Corrects description of SEFE as former subsidiary

Indian state-controlled gas distributor Gail has signed a term LNG deal with global commodity trading firm Vitol Asia to buy around 1mn t/yr for 10 years, starting in 2026.

This is Gail's sixth term deal, it said today, in addition to its 14mn t/yr of term LNG contracts with multiple producers around the world.

It has two term LNG deals totalling 5.8mn t/yr with the US, which include 3.5mn t/yr from the US' Sabine Pass terminal and 2.3mn t/yr from the Cove Point terminal. It also has up to 2.85mn t/yr with former Gazprom subsidiary Securing Energy For Europe (SEFE) on a delivered basis.

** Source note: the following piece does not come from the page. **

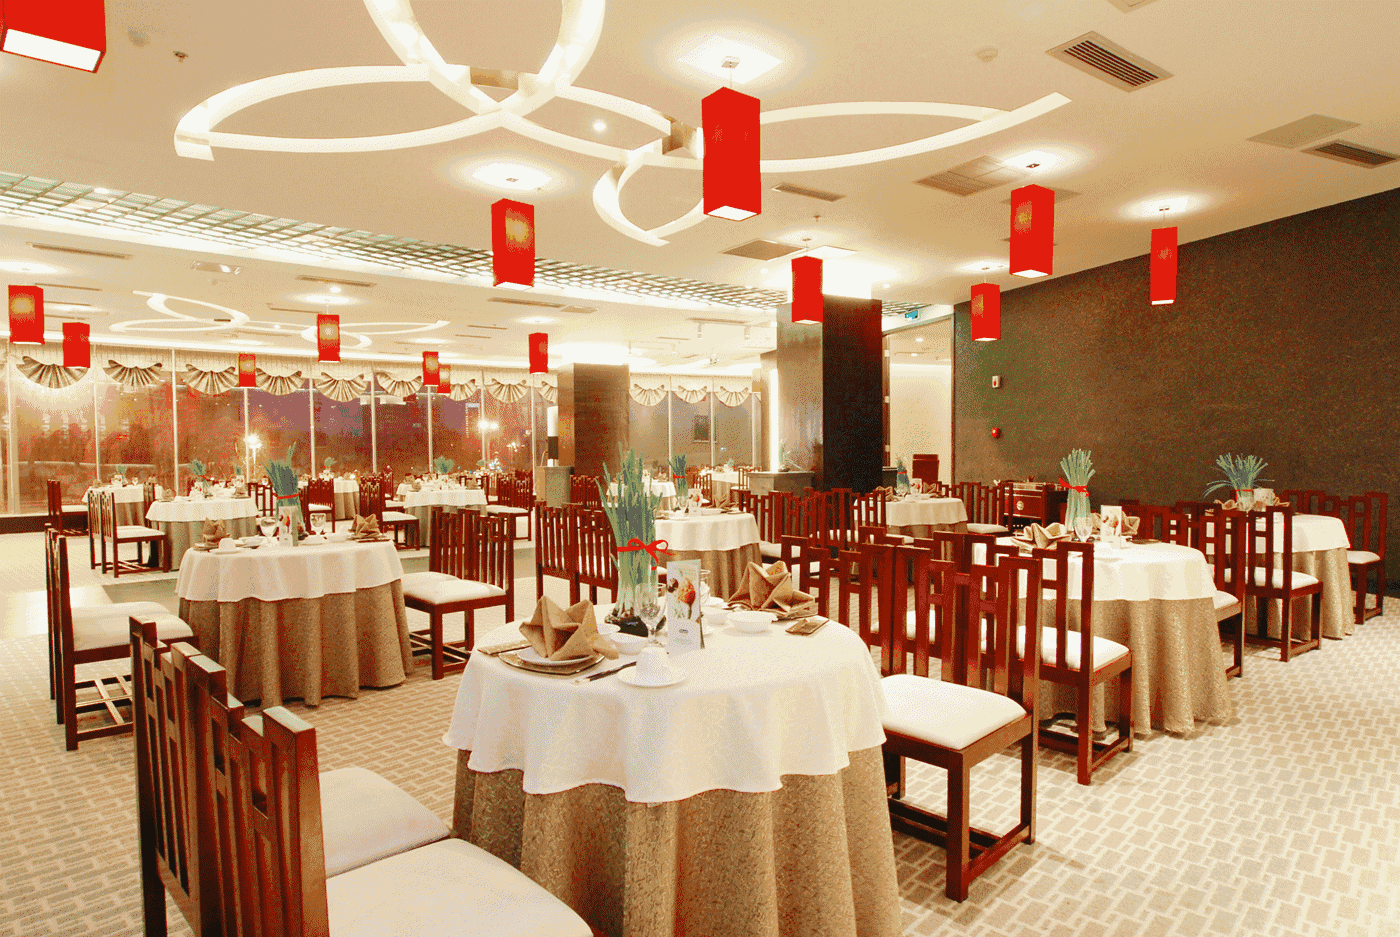 忠县高档点的中餐厅图片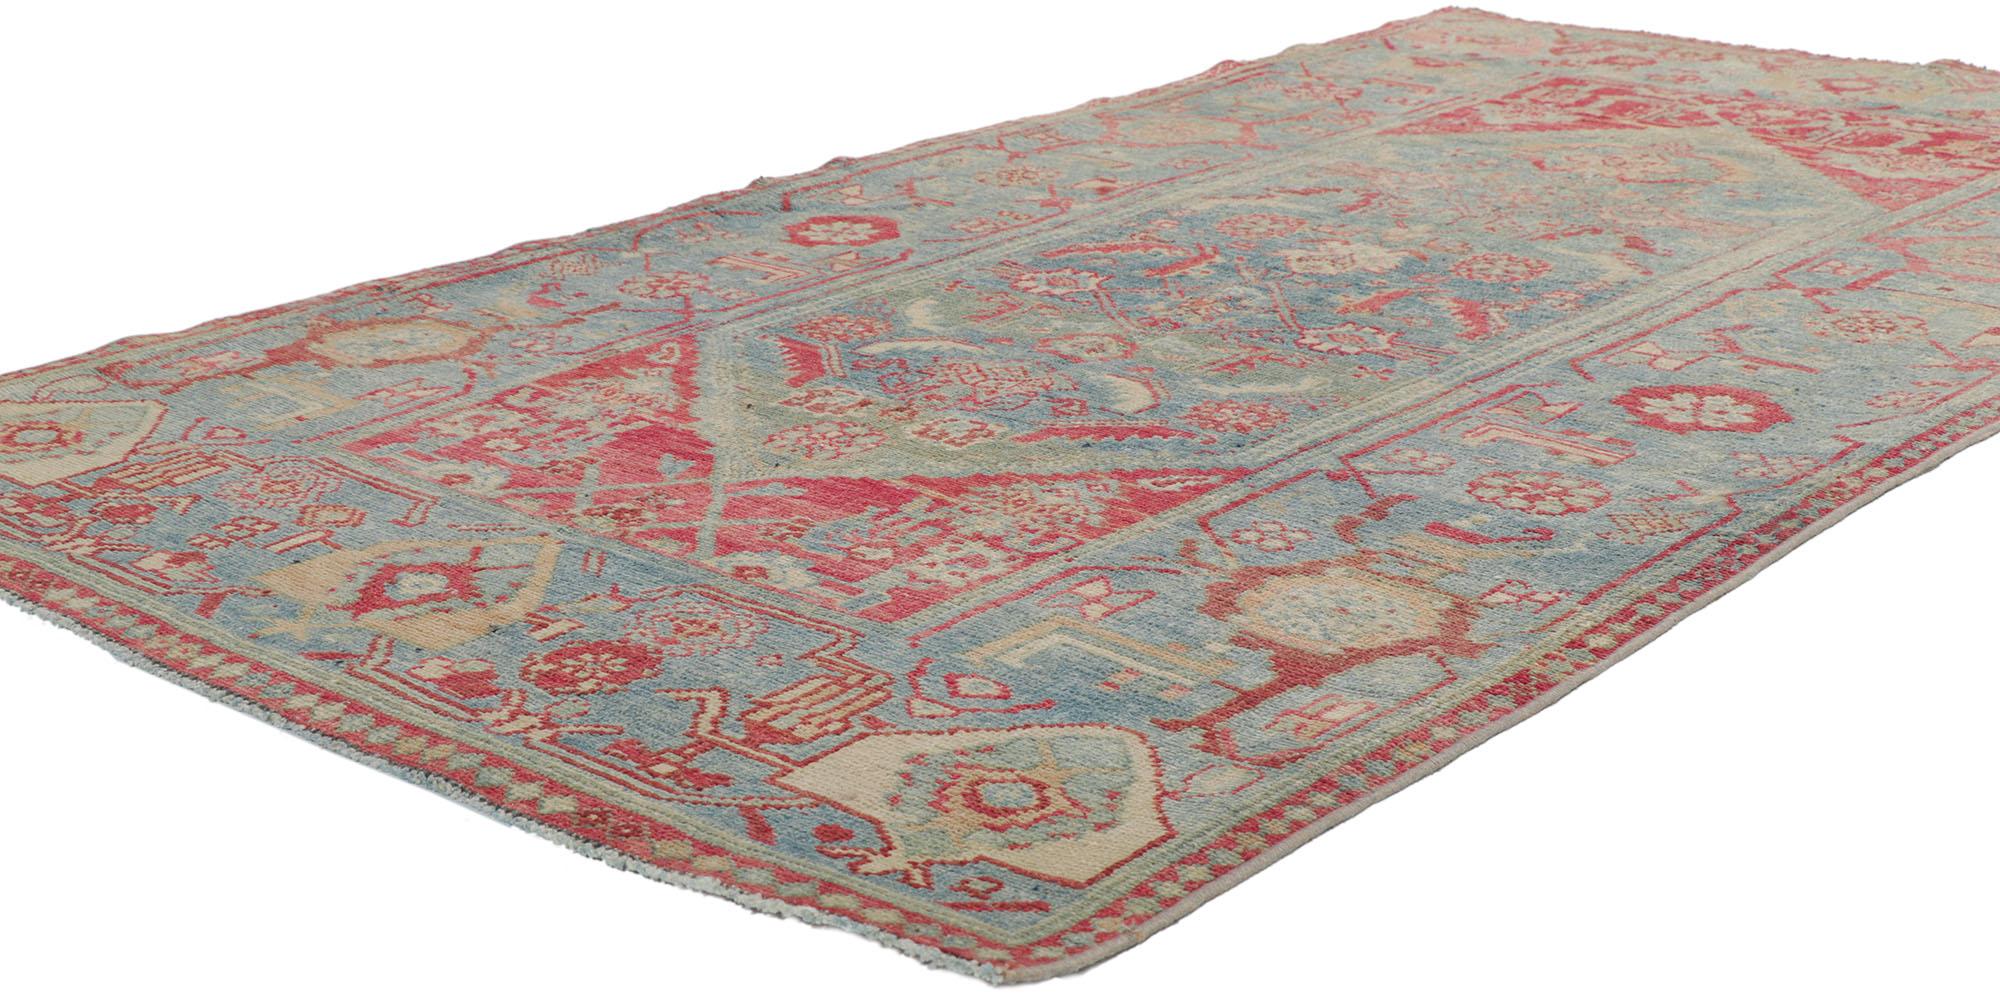 53769 Antiker persischer Malayer-Teppich, 03'09 x 06'10. Dieser handgeknüpfte antike persische Malayer-Teppich aus Wolle, der Raffinesse und böhmischen Charme ausstrahlt, verkörpert auf wunderbare Weise den rustikalen Boho-Chic-Stil. Das abgewetzte

Other term deals include 4.8mn t/yr from RasGas Qatar and 400,000 t/yr from Australia. These contracts are jointly held with fellow Indian state-controlled importer Petronet LNG.

Supply disruptions from SEFE in May 2022-February 2023 prompted Gail to sue SEFE for $1.82bn. Gail initiated legal action in December at the London Court of International Arbitration because SEFE failed to supply contracted LNG cargoes, which resumed in March 2023.

Gail expects India's gas demand to rise and has been looking to secure more term deals.

It plans to expand its natural gas transmission volumes by 12pc to more than 120mn m³/d in April 2023-March 2024, as the government's plan to increase the share of natural gas in its primary energy mix is targeted to rise to 15pc by 2030 from around 6pc in 2022.